1 We have omitted deHaan et al (2000) from our discussion because they relied entirely on reports solicited through a questionnaire in a monthly magazine for relatives of patients with schizophrenia. Such a procedure appears to allow little confidence in comparable standards for estimation being used across cases.

Background A major reason for interest in early intervention for psychotic disorders is the hypothesised relationship between longer duration of untreated psychosis (DUP) and poorer outcome of treatment.

Aims To critically examine the evidence concerning DUP being related to treatment outcome and possible mediators of any such relationship.

Method A systematic review of studies in which DUP is assessed and its relationship to treatment outcome is examined. In addition, studies relevant to possible neurotoxic effects of DUP were reviewed.

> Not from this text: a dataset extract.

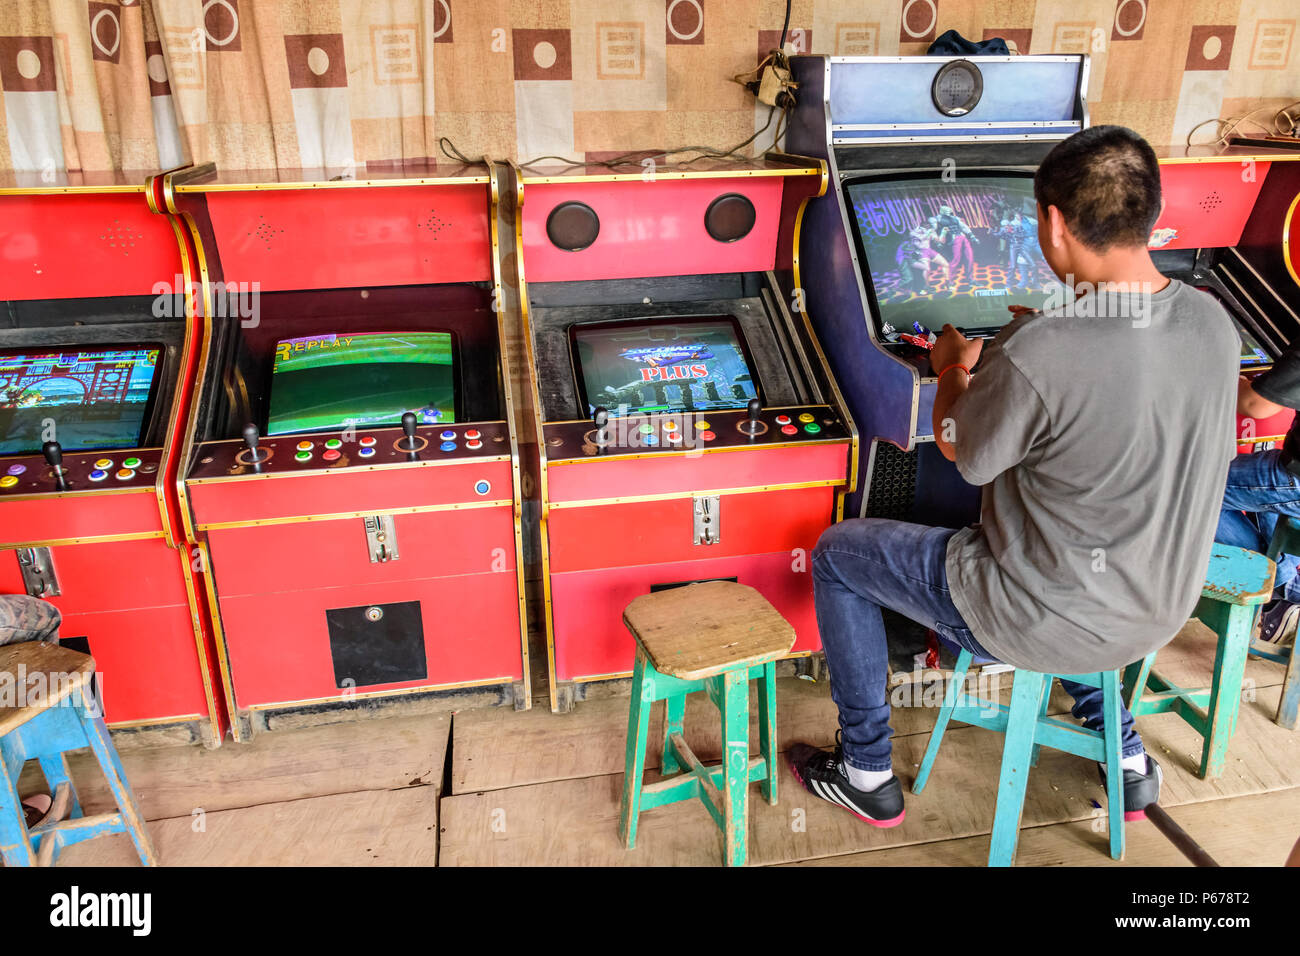 San Juan del Obispo, Guatemala - June 24, 2018: Local plays arcade games at village fair near UNESCO World Heritage Site of Antigua - Stock Image

Results The research is entirely of a correlational nature and, therefore, firm conclusions regarding causation are not possible. There is, however, substantial evidence of DUP being an independent predictor of treatment outcome, particularly remission of positive symptoms, over the first year or so of treatment. Findings regarding the possible neurotoxic effects of DUP are inconsistent.

Conclusions There continues to be evidence consistent with DUP influencing aspects of treatment outcome. Non-correlational studies, such as quasi-experimental designs, could provide stronger evidence regarding causality.